Objective Faecal microbiota transplantation (FMT) from healthy donors to patients with irritable bowel syndrome (IBS) has been attempted in two previous double-blind, placebo-controlled studies. While one of those studies found improvement of the IBS symptoms, the other found no effect. The present study was conducted to clarify these contradictory findings. Design This randomised, double-blind, placebo-controlled study randomised 165 patients with IBS to placebo (own faeces), 30 g FMT or 60 g FMT at a ratio of 1:1:1. The material for FMT was obtained from one healthy, well-characterised donor, frozen and administered via gastroscope. The primary outcome was a reduction in the IBS symptoms at 3 months after FMT (response).
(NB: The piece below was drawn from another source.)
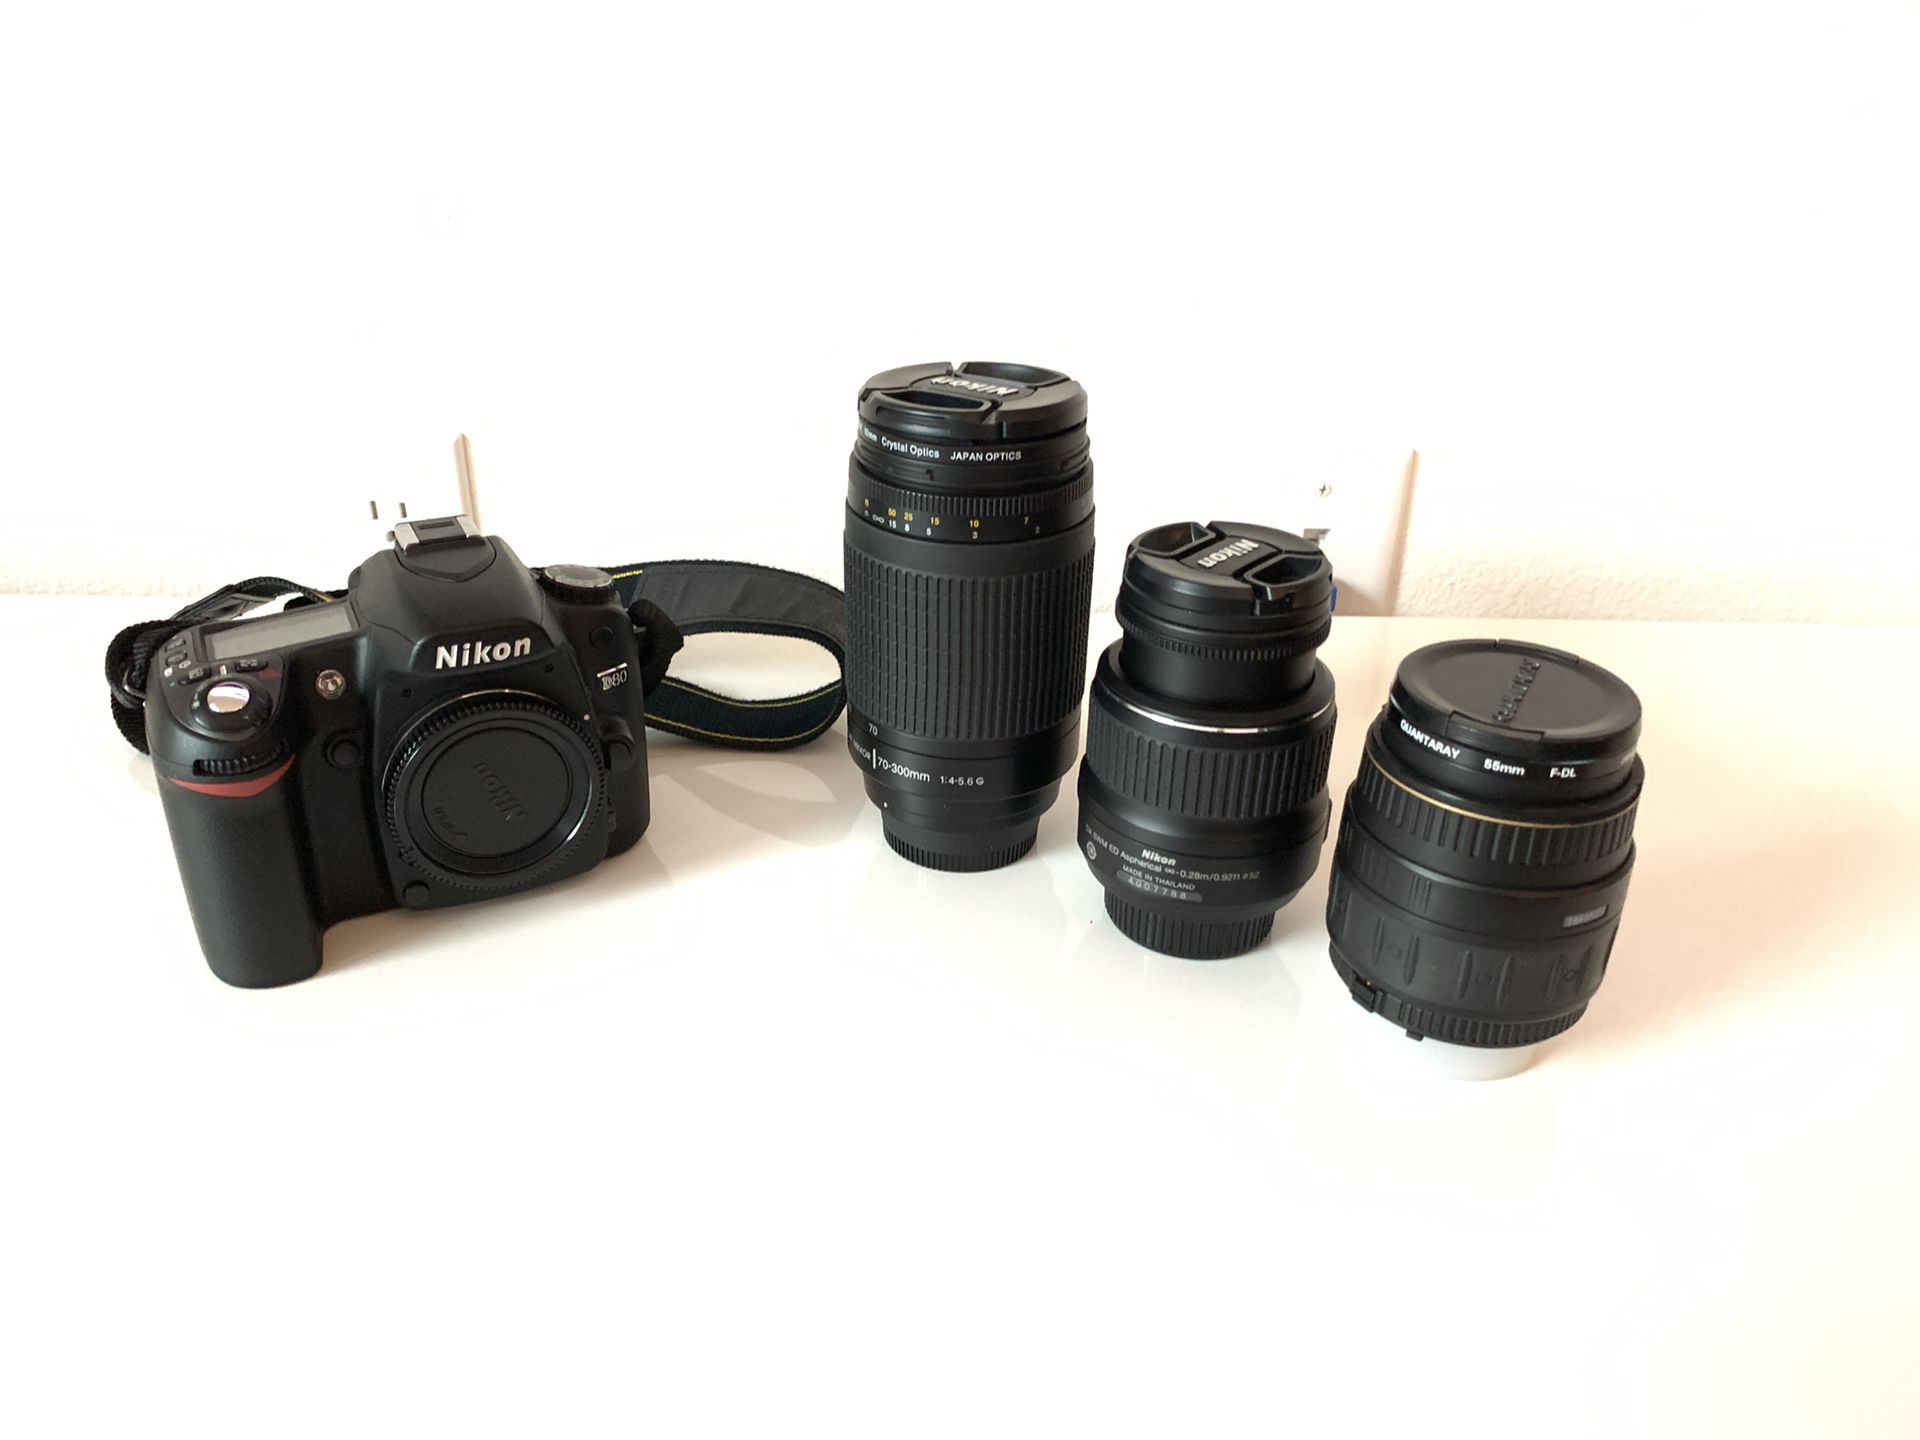 Nikon/Quantaray lenses and accessories

A response was defined as a decrease of 50 or more points in the total IBS symptom score. The secondary outcome was a reduction in the dysbiosis index (DI) and a change in the intestinal bacterial profile, analysed by 16S rRNA gene sequencing, at 1 month following FMT. Results Responses occurred in 23.6%, 76.9% (p<0.0001) and 89.1% (p<00.0001) of the patients who received placebo, 30 g FMT and 60 g FMT, respectively. These were accompanied by significant improvements in fatigue and the quality of life in patients who received FMT. The intestinal bacterial profiles changed also significantly in the groups received FMT. The FMT adverse events were mild self-limiting gastrointestinal symptoms. Conclusions FMT is an effective treatment for patients with IBS. Utilising a well-defined donor with a normal DI and favourable specific microbial signature is essential for successful FMT. The response to FMT increases with the dose. Trial registration www.clinicaltrials.gov (NCT03822299) and www.cristin.no (ID657402).

中文翻译:

一项随机、双盲、安慰剂对照研究中粪便微生物群移植对肠易激综合征患者的疗效

目的 在之前的两项双盲、安慰剂对照研究中,已经尝试将健康供体的粪便微生物群移植 (FMT) 移植到肠易激综合征 (IBS) 患者。虽然其中一项研究发现 IBS 症状有所改善,但另一项研究发现没有效果。本研究旨在澄清这些相互矛盾的发现。设计 这项随机、双盲、安慰剂对照研究将 165 名 IBS 患者随机分配至安慰剂(自己的粪便)、30 g FMT 或 60 g FMT,比例为 1:1:1。FMT 的材料来自一位健康、特征明确的供体,冷冻并通过胃镜给药。主要结果是 FMT 后 3 个月 IBS 症状的减轻(反应)。反应定义为 IBS 症状总分下降 50 分或更多。次要结果是在 FMT 后 1 个月,通过 16S rRNA 基因测序分析,生态失调指数 (DI) 降低和肠道细菌谱发生变化。结果 在接受安慰剂、30 g FMT 和 60 g FMT 的患者中,分别有 23.6%、76.9% (p<0.0001) 和 89.1% (p<00.0001) 的反应发生。这些伴随着接受 FMT 的患者的疲劳和生活质量的显着改善。在接受 FMT 的组中,肠道细菌谱也发生了显着变化。FMT 不良事件为轻度自限性胃肠道症状。结论 FMT是IBS患者的有效治疗方法。利用具有正常 DI 和有利的特定微生物特征的明确供体对于成功的 FMT 至关重要。对 FMT 的反应随着剂量的增加而增加。